I'm not sure why that's bad, or why a (time) limited monopoly of an idea you developed is bad. (See comment below.)
It's not necessarily bad, but copyright law has to be looked at as a whole. Changing the game with laws like DMCA and ACTA and SOPA might be reasonable when looked at by themselves, but when paired to eternal copyright it looks different.
It's hard to comment on your question(s) because copyright/patent law is complicated and there are variables I suspect you may not have imagined.
Quite the opposite, I've been involved in copyright discussions for most of my professional career, initially because I was right in the middle of it, and now it has simply become kind of a passion of mine. It started when the tiny company I was working for (I was their first employee, and created one of the very first CD based legal research sytem) had to fight West Publishing because West claimed a copyright on federal caselaw based on the "creativity" of arranging the caselaw in their Federal Reporter volumes. Yep, they claimed copyright on page numbers. They claimed that scanning their books amounted to copyright violation, and that if people wanted to publish those old cases they'd have to get them directly from the court system. Yeah, good luck getting prints of decisions from 1880. At one point, to be in compliance, before scanning we were putting stickers over every page number so it never made it into RAM as an image. So trust me, I'm no stranger to the bizarre edges of copyright.
E.g., you pose your question as though the "3D" printer/machine that can create these tangible items (homes etc) is owned by the person. I can tell you that if the inventor of that 3D machine were my client it would never be sold outright. Never (at least not while the patent/copyright was in force.)
Instead, you would lease it from our company. Your lease fee would depend upon what you used it to make. You make a hammer, you owe a small fee. You make a house or a jet aircraft, be prepared to pay big bucks.
I.e., the 'business model' needs to be taken into account.
And it doesn't strike you as odd that an invention of such magnitude should not only make the inventor money, or even lots of money, but obscene amounts of money. On top of obscene amounts of money. For many, many years. Or outright locked up so that nobody can use it.
I can also imagine a long chain of people taking their cut. Most 'customers' of the 3D machine would be utterly incapable of programming it create anything complex. Therefore the people who set-up the programs for a house, a car, a plane or basically anything with moving parts would probably charge the inventor of the 3D machine a royalty too.
Most 'customers' wouldn't need to program anything. They could rent the machine, buy some of the consumables, go up to 3DPrintTorrents.com and make anything their hearts desired.

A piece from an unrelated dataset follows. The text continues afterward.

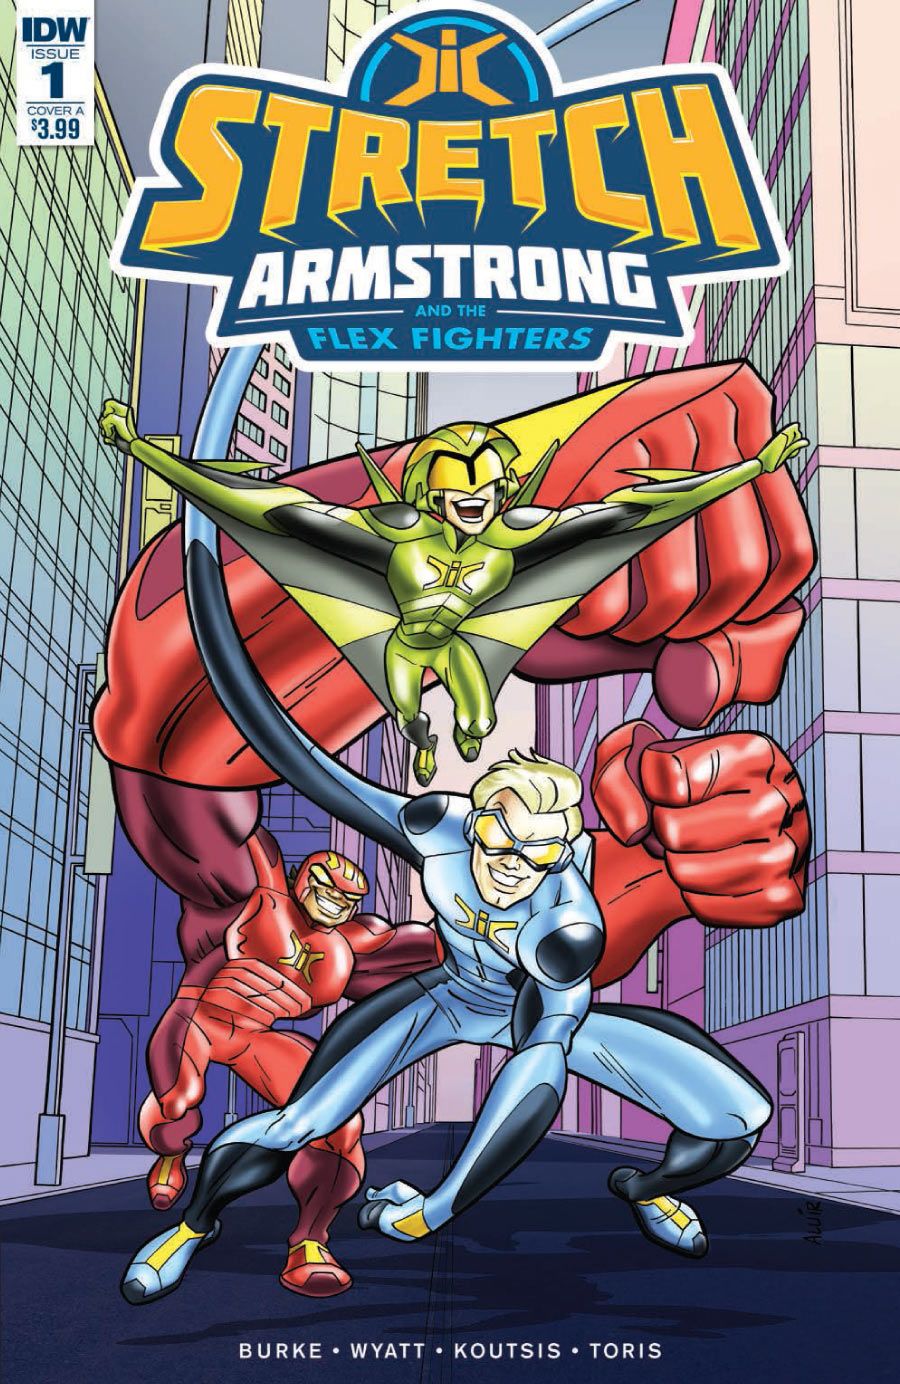 EXCLUSIVE: Stretch Armstrong and the Flex Fighters #1 by Kevin
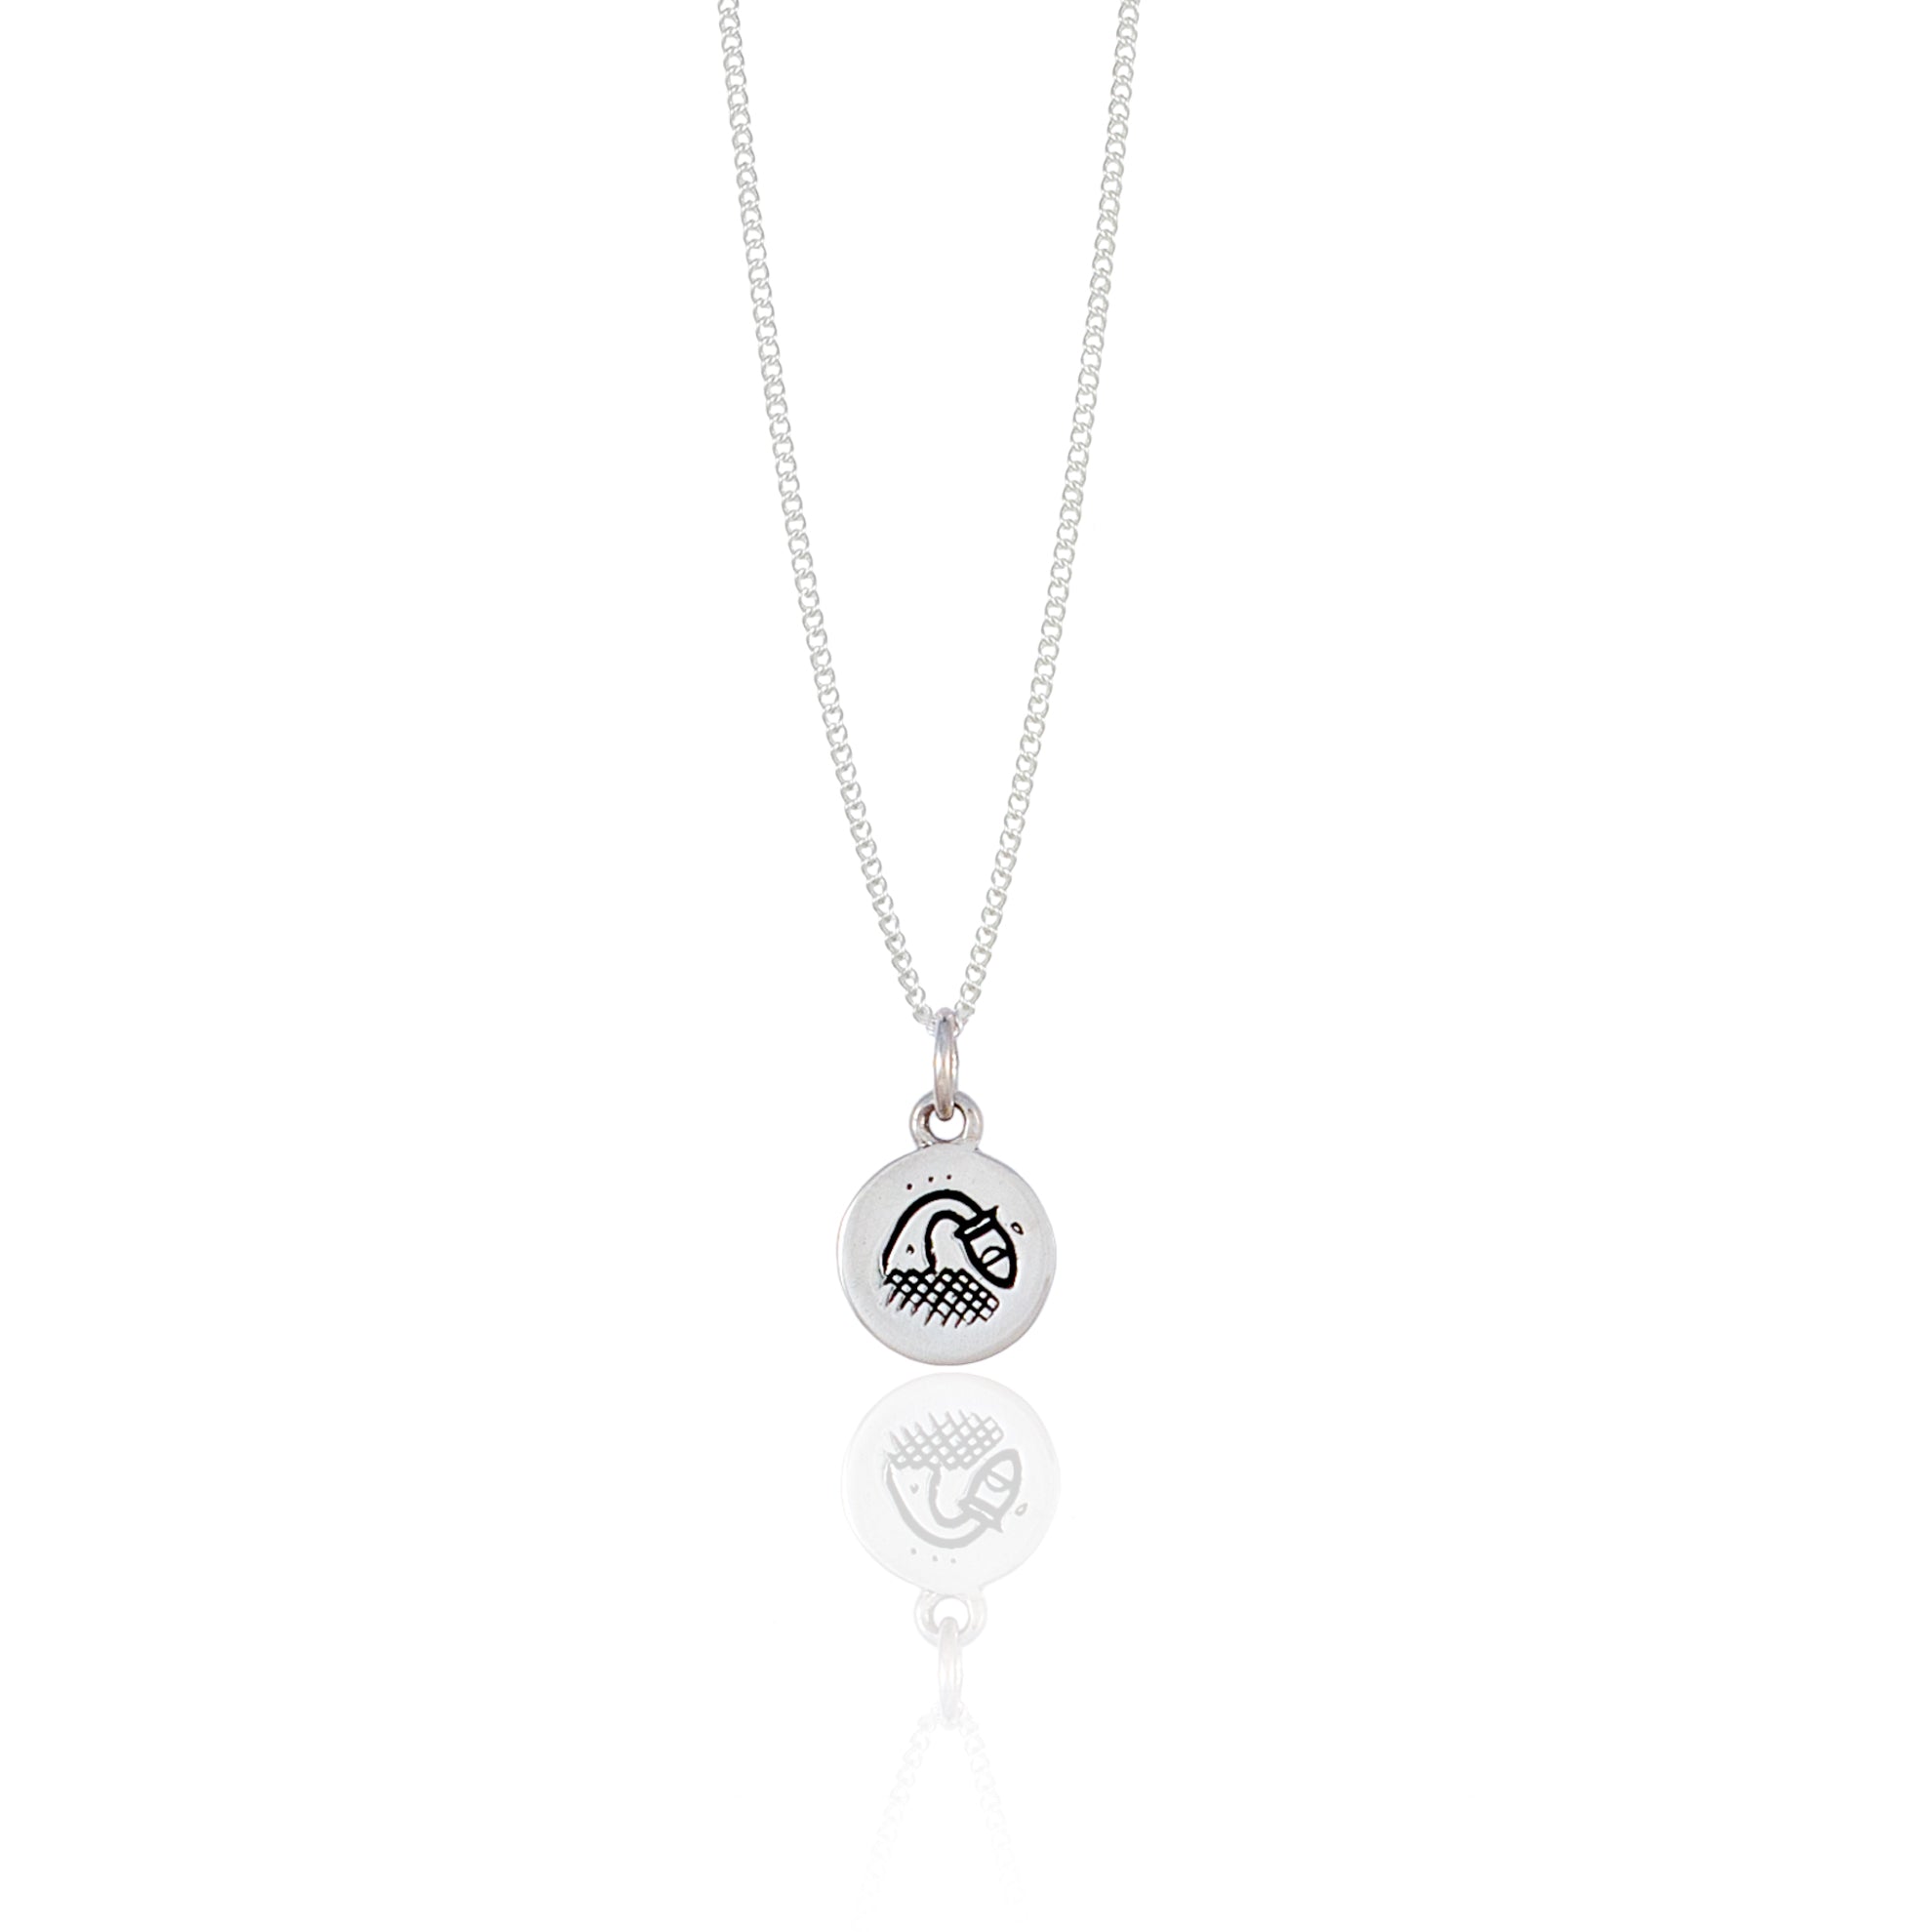 Reversible Aquarius Zodiac Sign Charm Coin Pendant Necklace in Sterlin |  Takar Jewelry

(For the "see below" comment.) I have no problem with patents being 20 yrs. That may actually be a bit short. However, I checked out the period for copyrights and it is well over a 100 yrs, I think too long in most all cases.
Fern
And as I said, I have less of a problem with patents (though they have their own serious problems, see: Software Patents). But would printable 3D templates be patented or copyrighted? If it's not an invention, it wouldn't be patented. Maybe it's just a hula hoop, long past any possible patent. But somebody had to create the file, and that means copyright. And just like I can't write a book about Larry Kotter the child magician without being sued out of existence, will the "owner" of the first hula hoop template shut down any and all future hula hoop templates as derivative works? Or shut down any website that tells you how to make your own hula hoop template?